DISH is a systemic condition and not just the result of local mechanical factors present in each of the involved areas of the skeleton. Since the early descriptions of DISH there have been associations with a variety of metabolic factors. Many of these have subsequently been further studied to better define any associations between a particular metabolic factor and DISH. In this report we review the available literature on a number of the putative metabolic factors that have been studied in patients with DISH. Our aim was to identify associations between such factors and DISH in order to better focus future research in this area.

METHODS

Papers discussed in this review were identified from the authors’ own databases and were supplemented with searches on PubMed and online journals. The following keywords were used in various combinations: “diffuseidiopathic skeletal hyperostosis”, “ankylosing hyperostosis”, “Forestier’s disease”, “diabetes”, “insulin”, “obesity”, “metabolic”, “growth factors”, “adipokines”, “glucose tolerance” and “chondrocytes”. The bibliography of relevant identified papers was scanned and information from abstracts and non-English sources was included as deemed relevant. The derived information is presented in summary form. Differences in patient identification and other methodology varied to the degree that formal systematic review was not valid.

The anatomical, radiological and clinical features of DISH have been described under various names for over 150 years. These studies also use different definitions for the diagnosis of DISH. These range from hyperostosis linking two vertebral bodies, without intervening disc disease and extend to different numbers of vertebrae linked by confluent anterior longitudinal ligament related new bone.
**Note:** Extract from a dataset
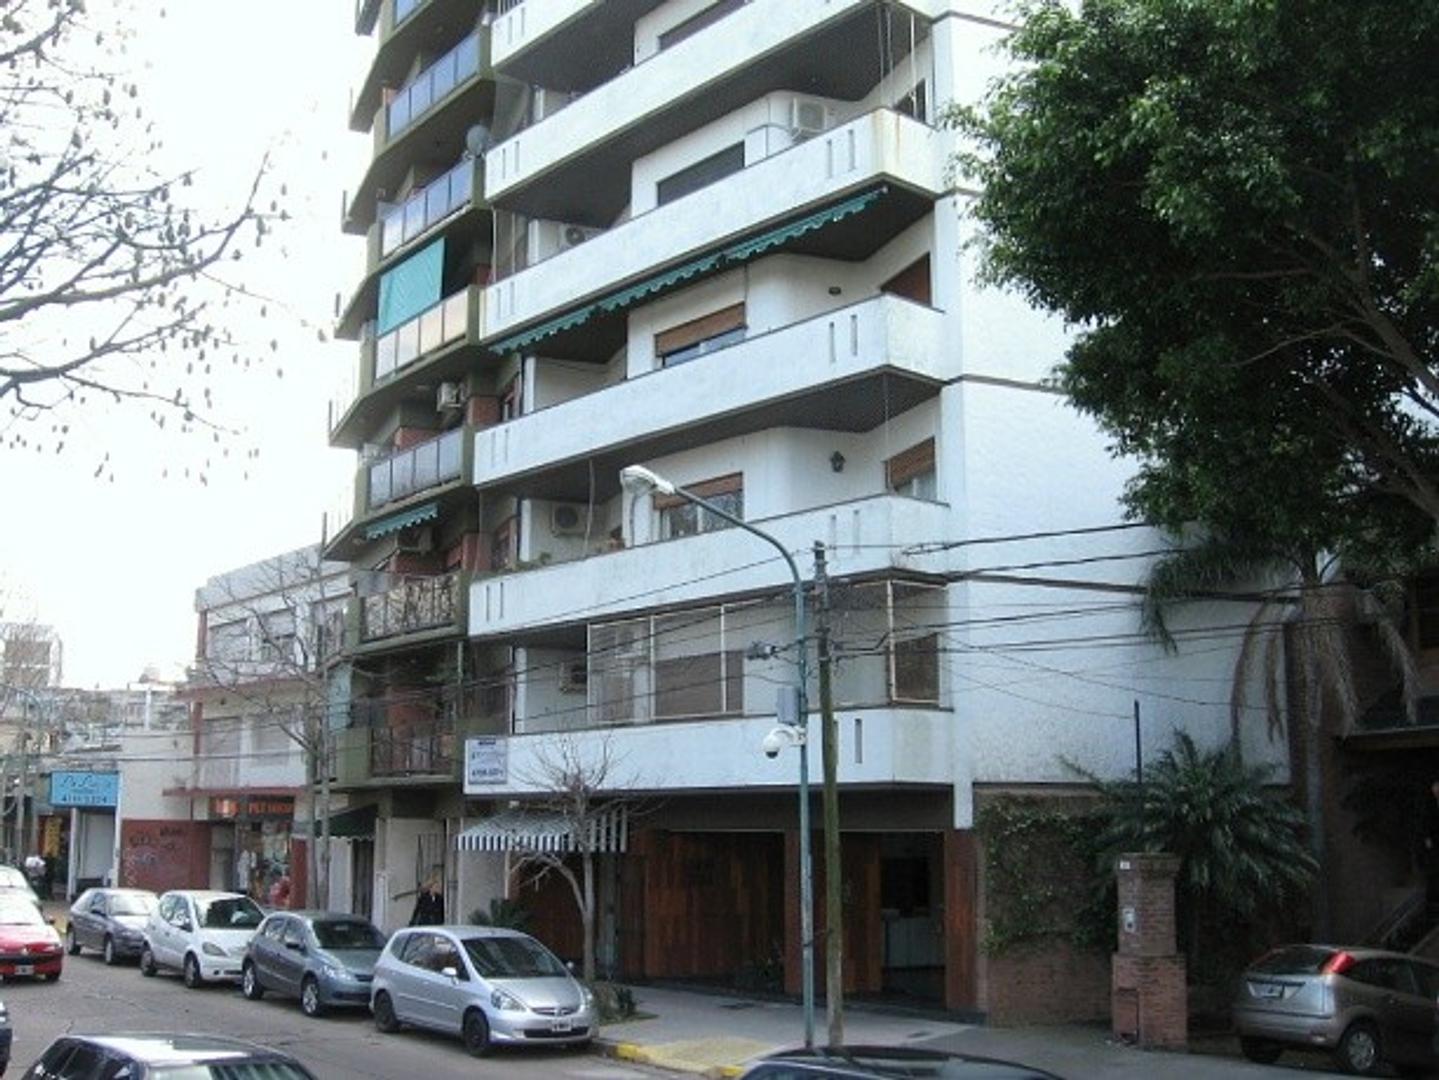 Departamento - Venta - Argentina, Vicente López - ELFLEIN 3761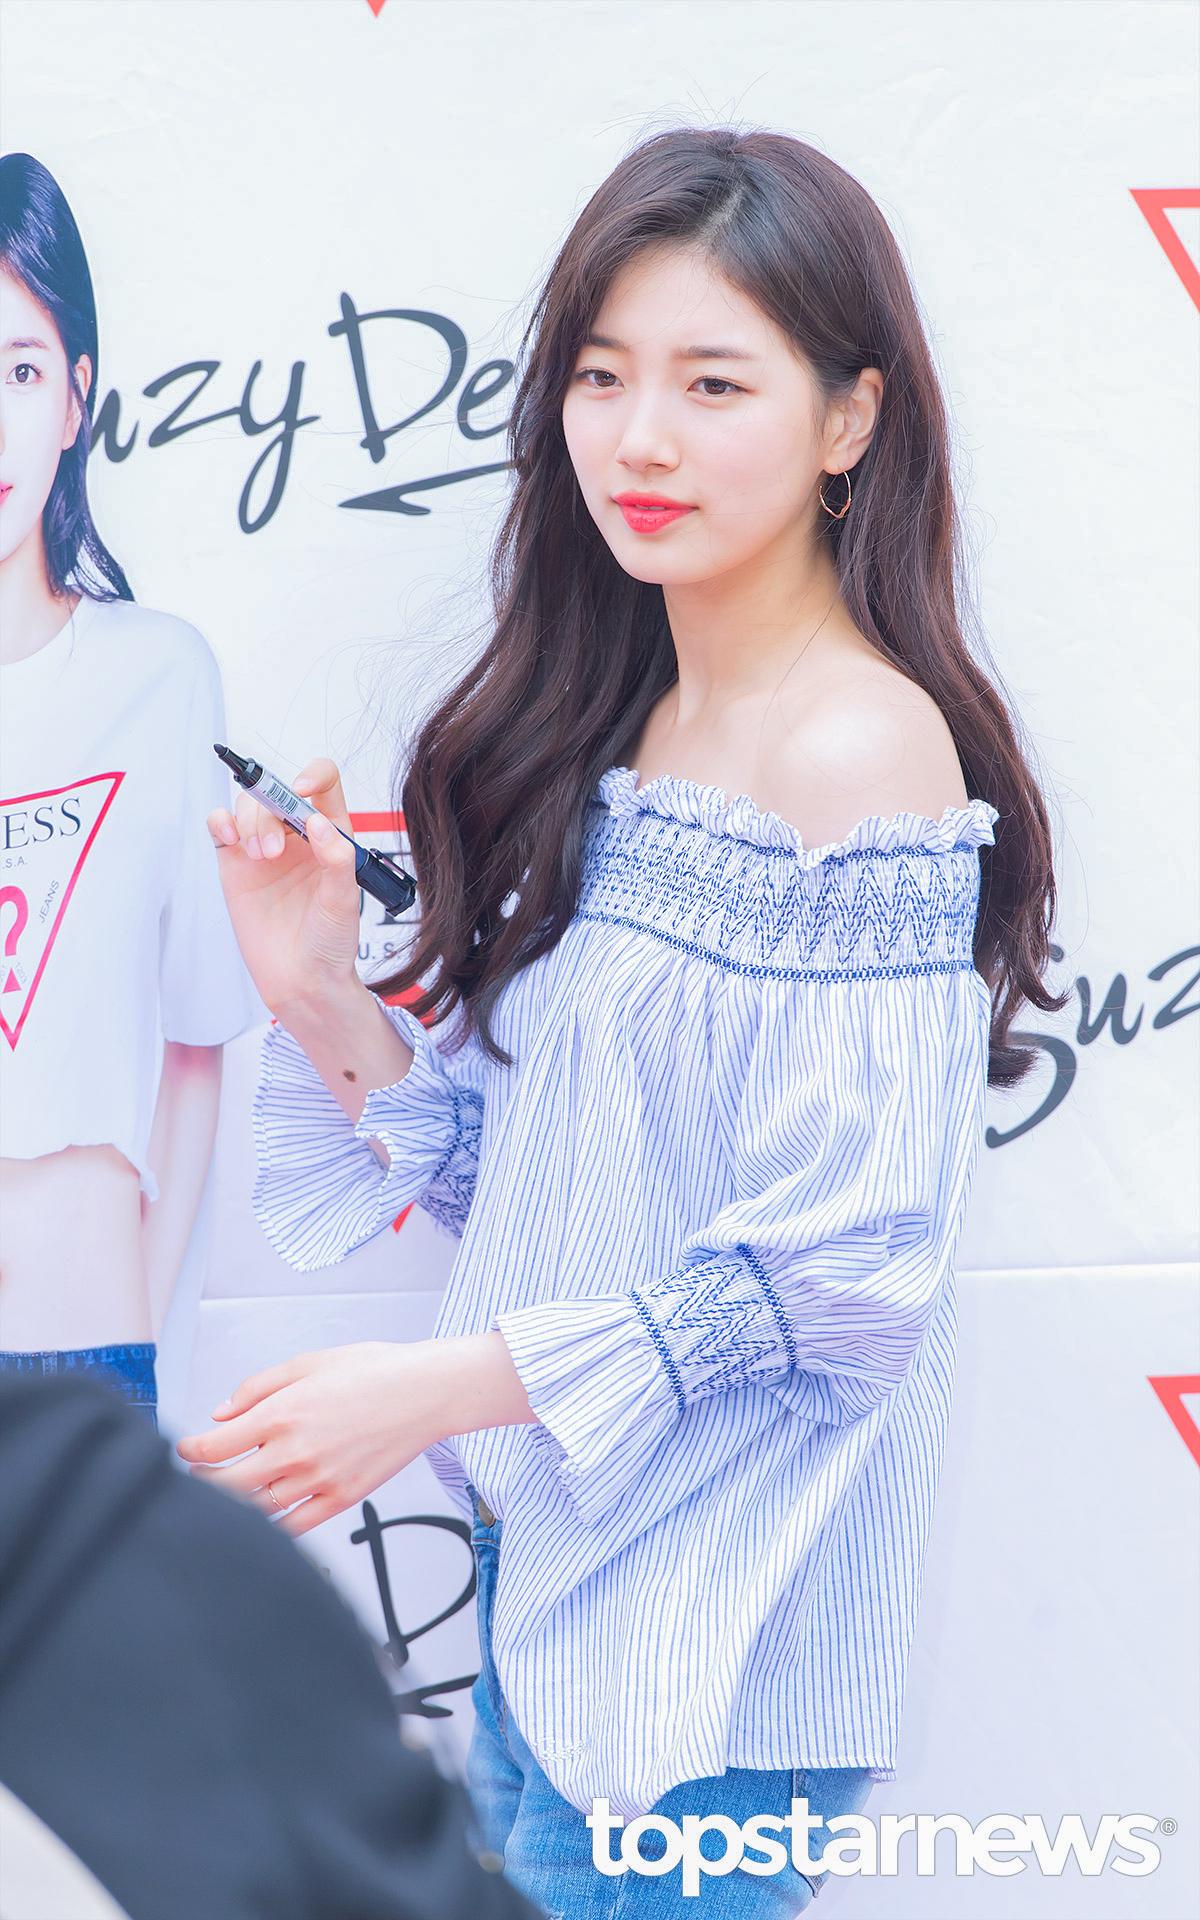 https://i0.wp.com/kpopstuff.com/wp-content/uploads/2017/05/korea-korean-kpop-idol-girl-group-band-miss-a-suzys-spring-outfit-look-blue-off-the-shoulder-top-casual-fashion-style-girls-women-kpopstuff.jpg

The different criteria used are summarised in Table 1. In this review we have included studies using different criteria in order to maximize any associations with putative metabolic factors.

Table 1.

Criteria definitions for diffuse idiopathic skeletal hyperostosis.




Table 2.

Paleopathological studies associating DISH in adults with obesity.




Table 3.

Selected contemporary observations and studies associating DISH with obesity.




Table 4.

Selected studies of impaired glucose tolerance [IGT], including diabetes mellitus, in patients with DISH.




Table 5.

Selected estimates of the prevalence of DISH in patients with abnormal glucose tolerance, including type 2 diabetes mellitus.




Table 6.

Selected studies of growth hormone and related peptides in DISH.




Table 7.

Selected studies of Insulin and related hormones in DISH.




Table 8.

Selected studies of adipokines in DISH-related disorders.




Obesity and DISH

In the defining paper of Forestier and Rotes-Querol it was noted that six of the nine males described with DISH, then termed ankylosing hyperostosis, were stated to be obese [11Forestier J, Rotes-Querol J. Senile ankylosing hyperostosis of the spine. Ann Rheum Dis 1950; 9: 321-0.]. Other subsequent studies have also noted this association.

A series of paleopathological studies is summarized in Table 2. These studies show that there is a significant difference in the prevalence of DISH between groups with different social status, with specific material from monastic and high-status burial sites being more affected by DISH than remains from laymen burials [12van der Merwe AE, Maat GJ, Watt I. Diffuse idiopathic skeletal hyperostosis diagnosis in a palaeopathological context. Homo 2012; 63: 202-15.]. The proposition is that the higher social status groups were excessively nourished, with probable increased rates of obesity, compared to the poorer laymen [8Rogers J, Waldron T. DISH and the monastic way of life. Int J Osteoarcheol 2001; 11: 357-65.]. It is noted that these studies vary in their criteria for defining DISH and that different definitions result in different rates of diagnosis in the same populations [12van der Merwe AE, Maat GJ, Watt I. Diffuse idiopathic skeletal hyperostosis diagnosis in a palaeopathological context. Homo 2012; 63: 202-15.]. Nevertheless, it is the differences between rates of DISH in the higher and lower social status classes that imply an association between DISH and nutritional factors, particularly those relating to obesity.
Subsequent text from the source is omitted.